Stored data: Begin
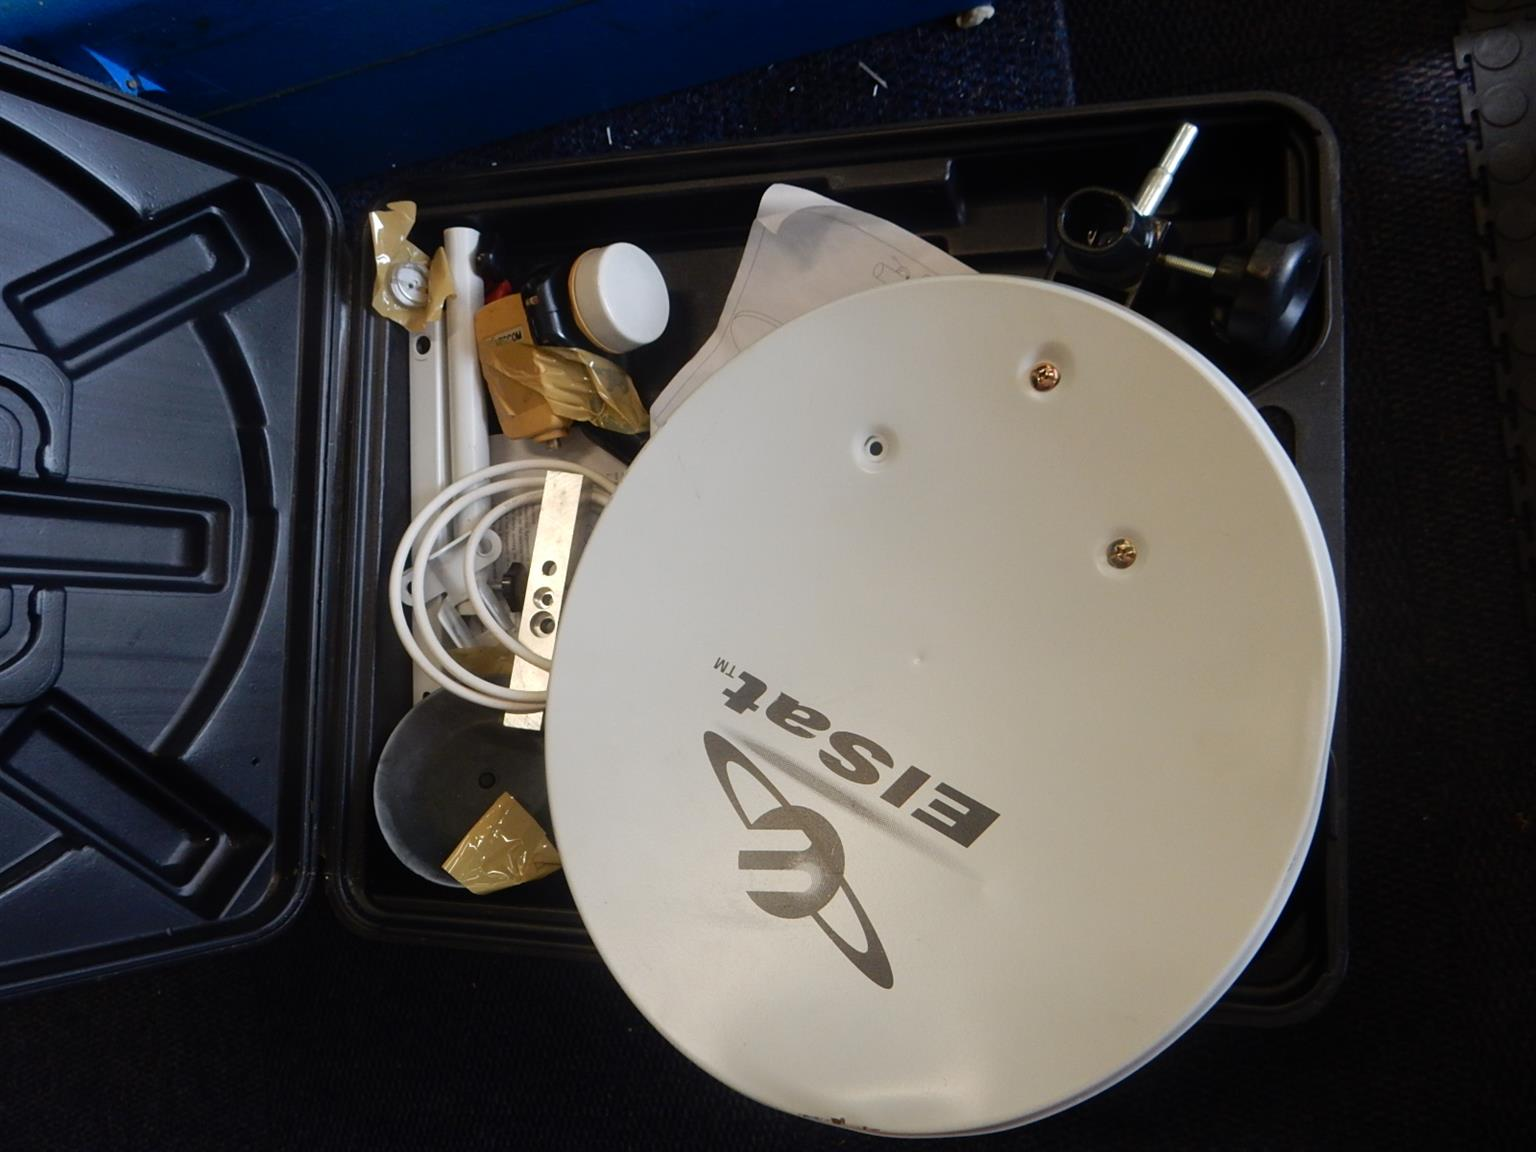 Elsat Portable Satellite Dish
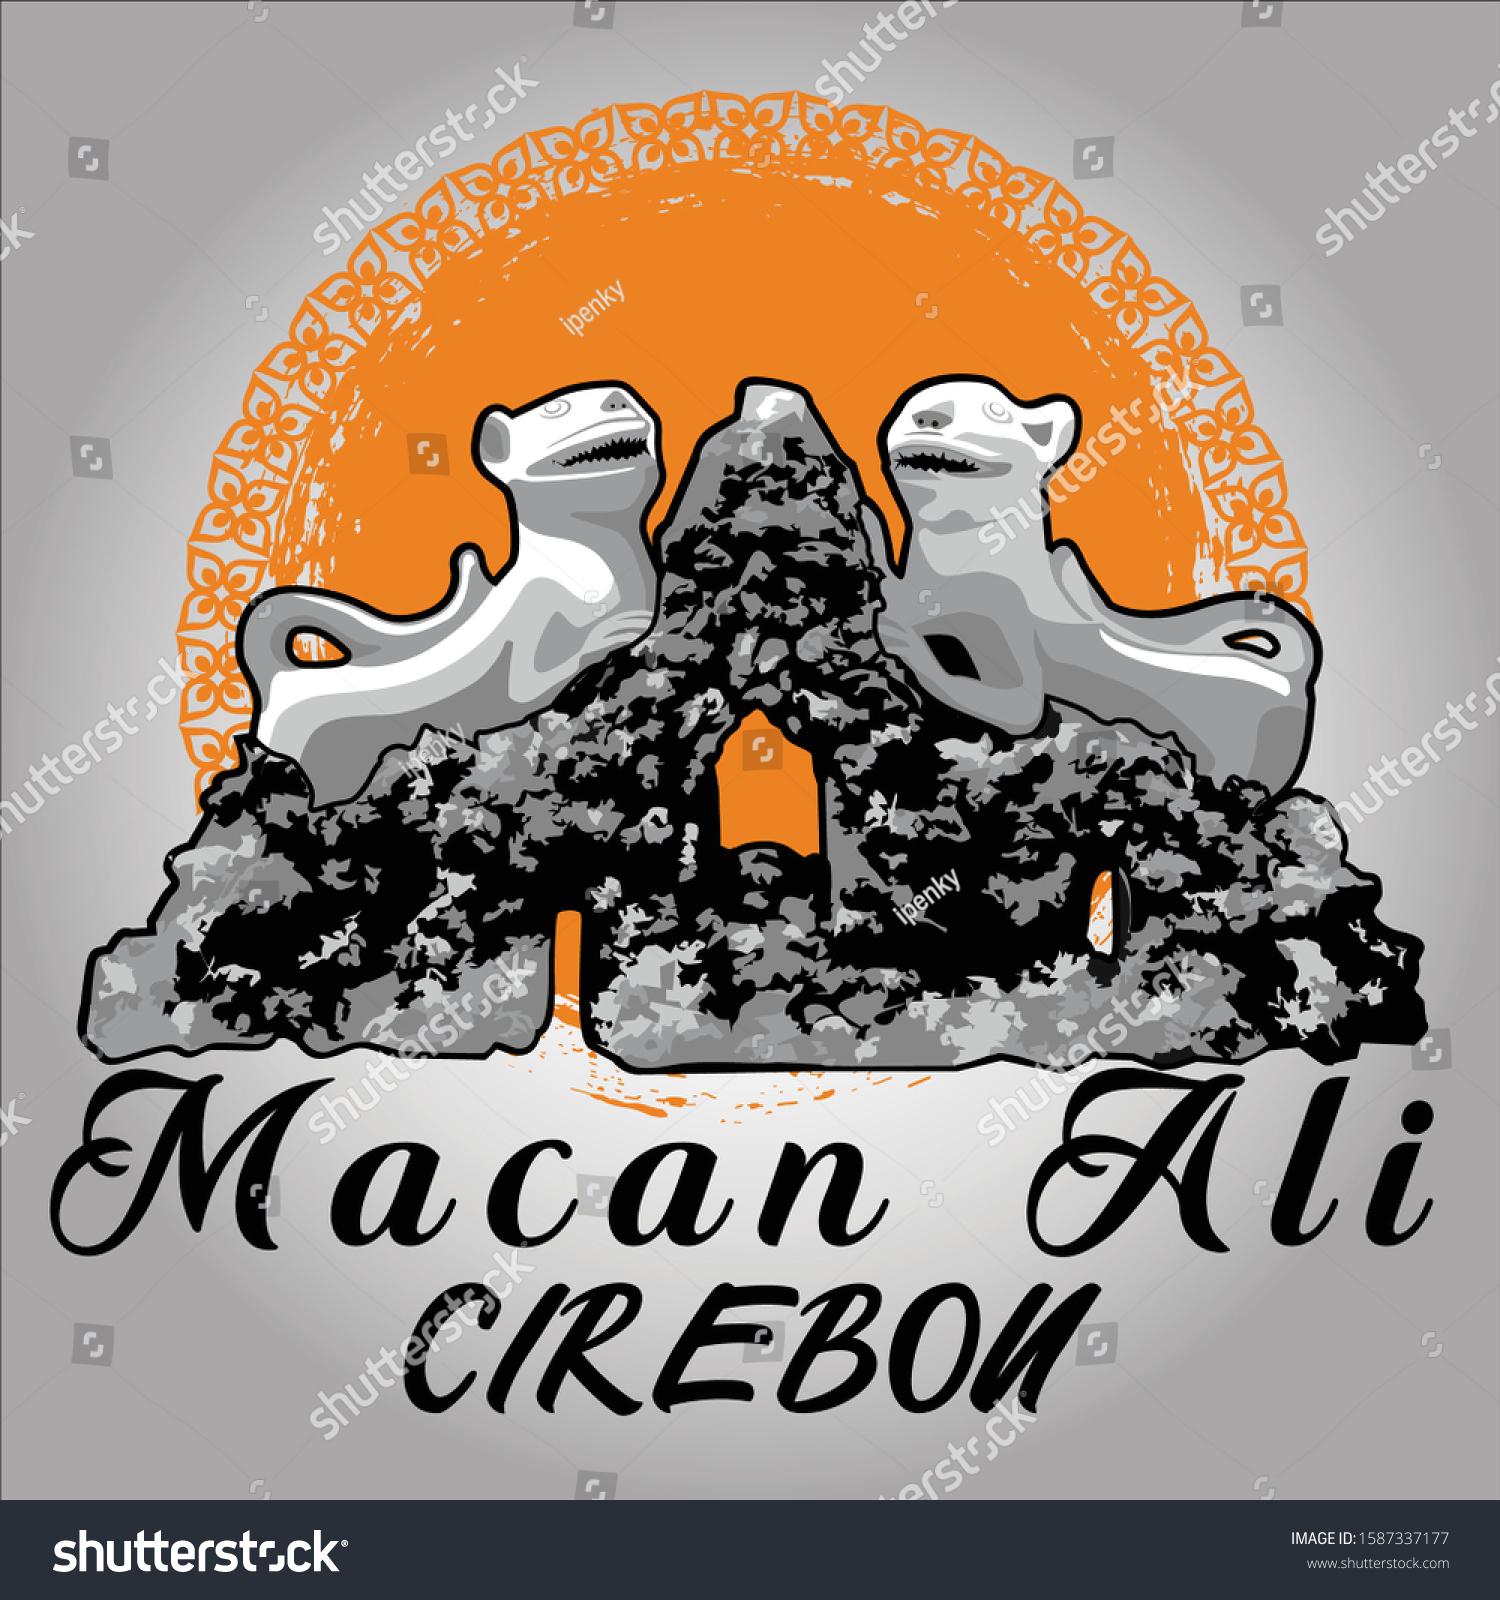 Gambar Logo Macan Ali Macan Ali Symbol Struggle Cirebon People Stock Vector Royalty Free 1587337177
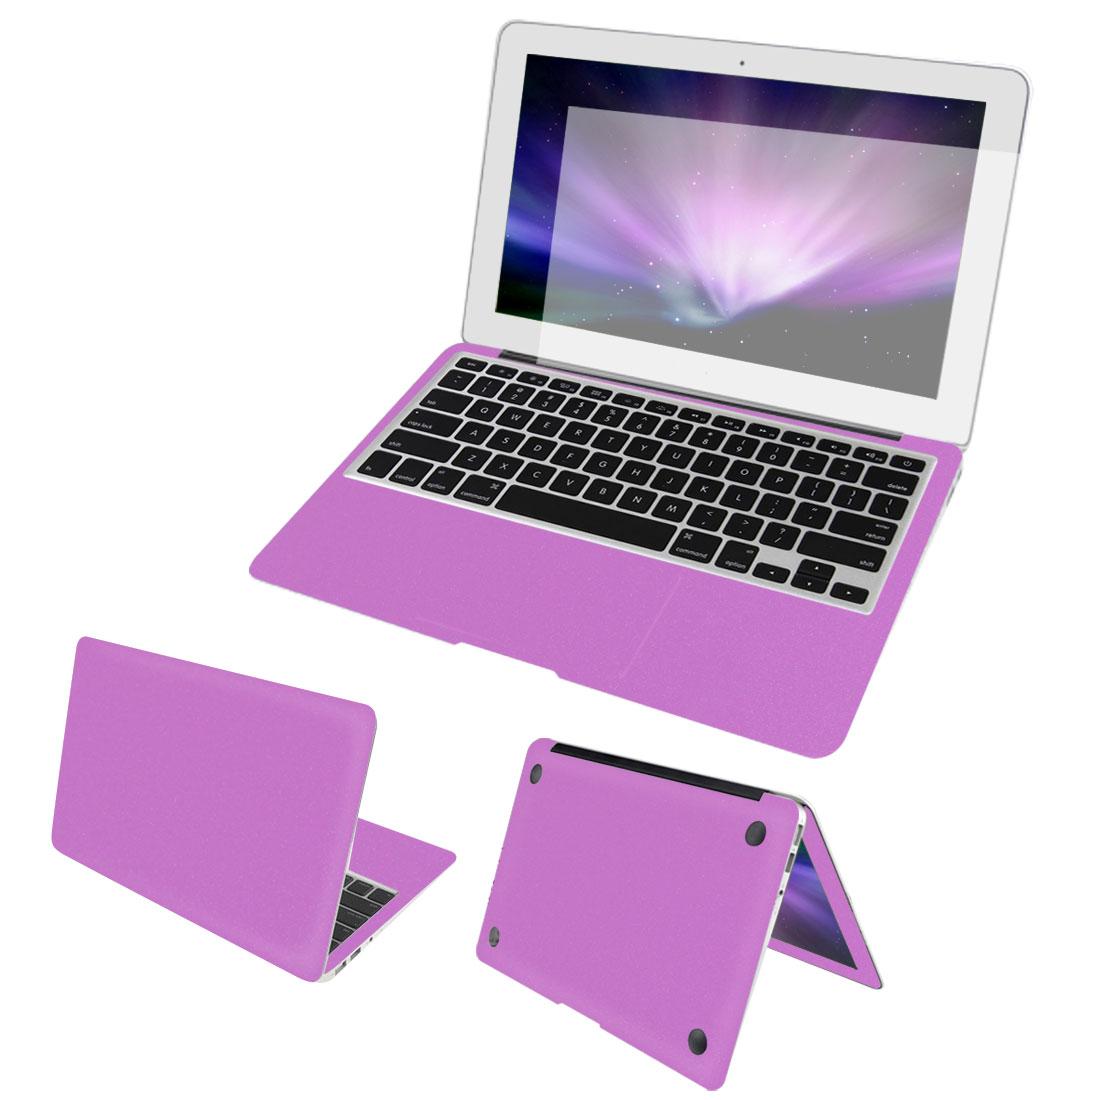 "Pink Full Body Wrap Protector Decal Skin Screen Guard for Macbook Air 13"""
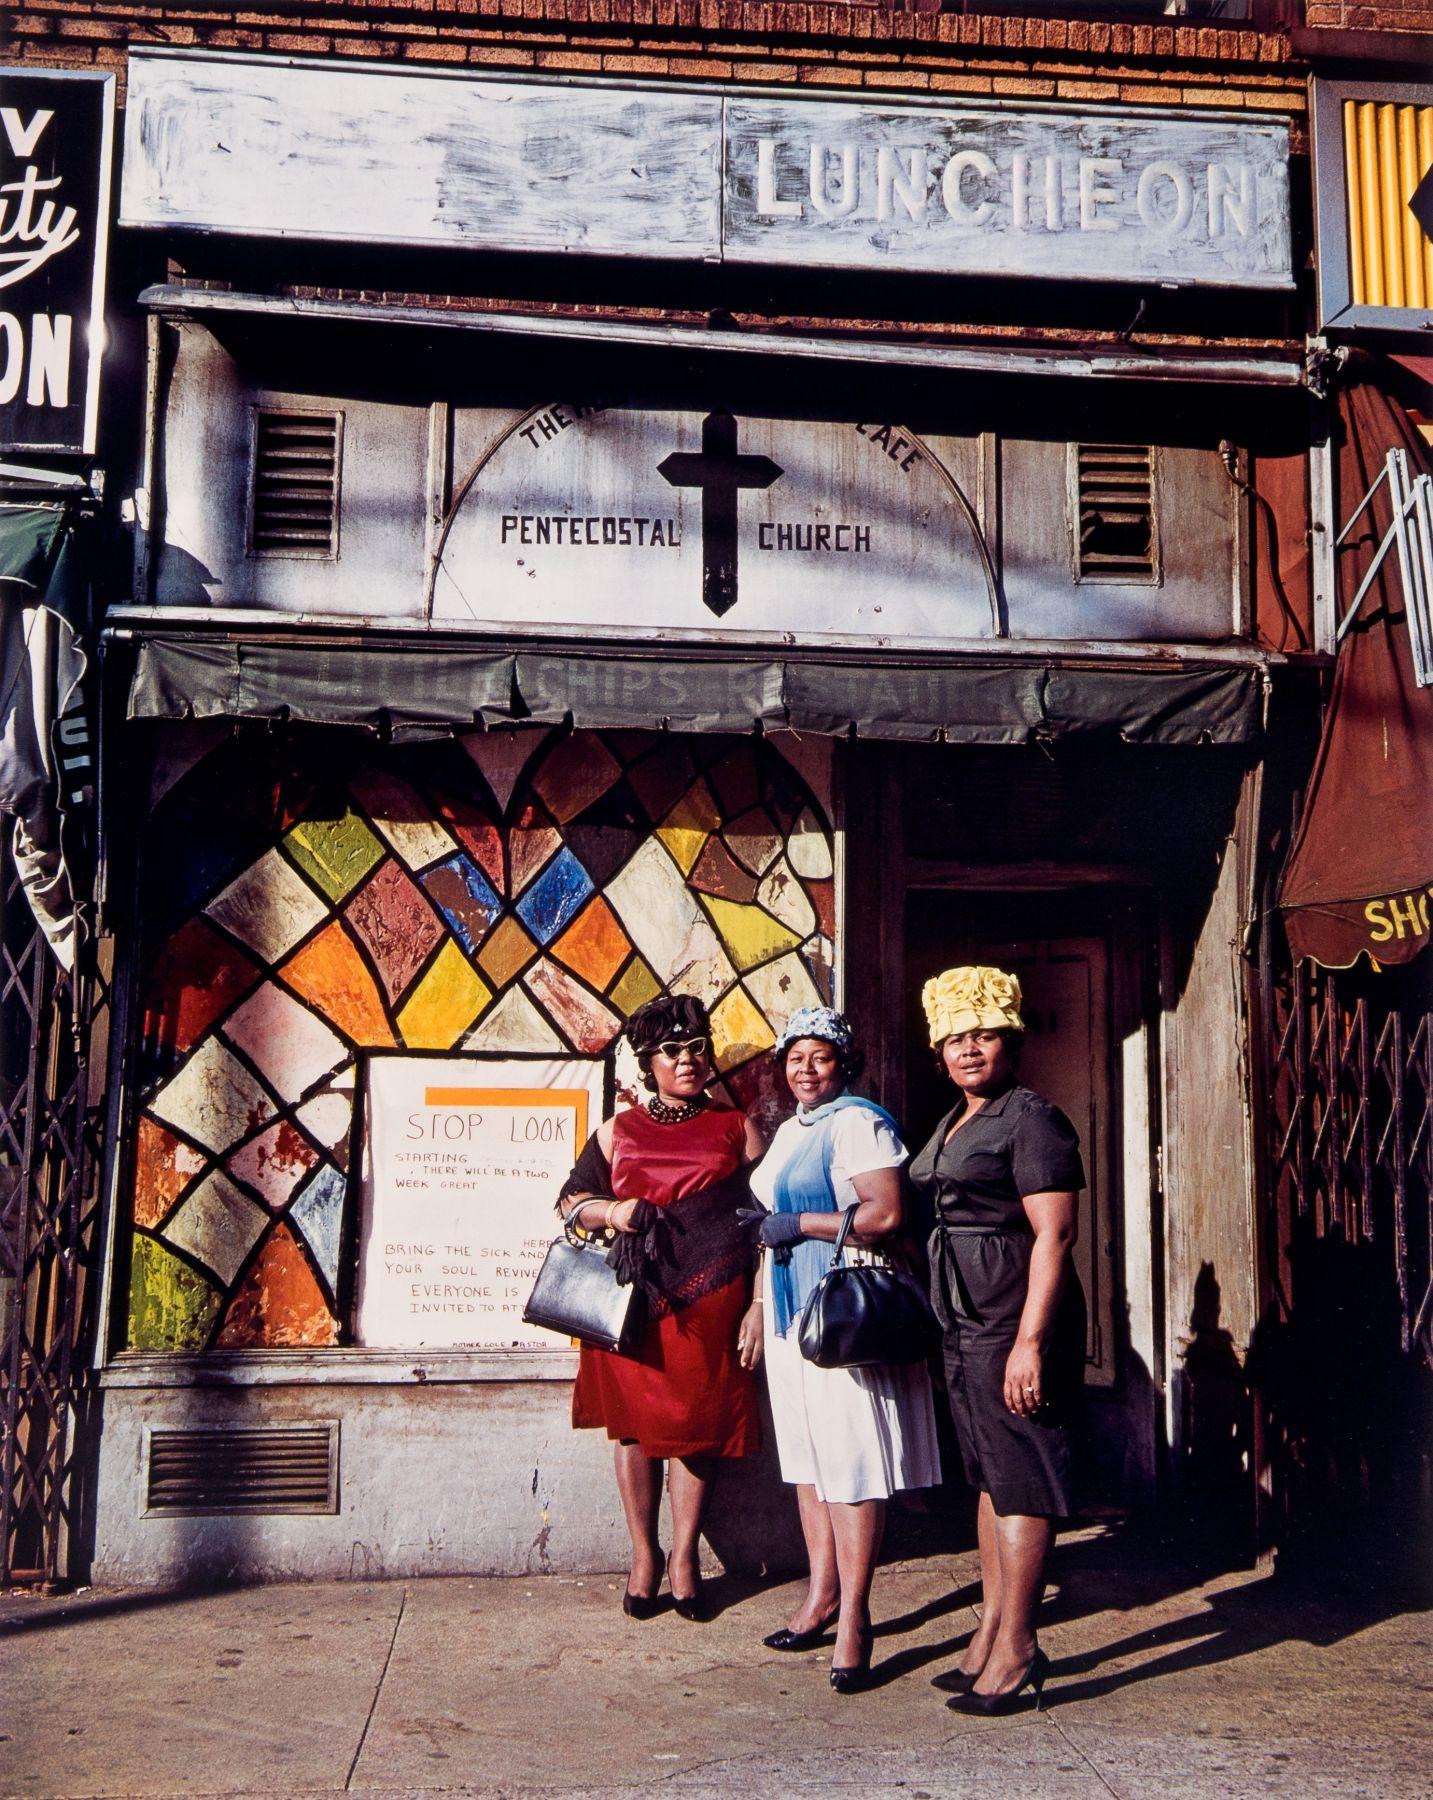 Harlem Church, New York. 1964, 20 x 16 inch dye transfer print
Stored data: End
— Task instructions —
Transcribe exactly the line that contains "Full Body Wrap" and each line after it through the end of the listing. Leave out the pictures.

— Task result —
 "Pink Full Body Wrap Protector Decal Skin Screen Guard for Macbook Air 13"""
 Harlem Church, New York. 1964, 20 x 16 inch dye transfer print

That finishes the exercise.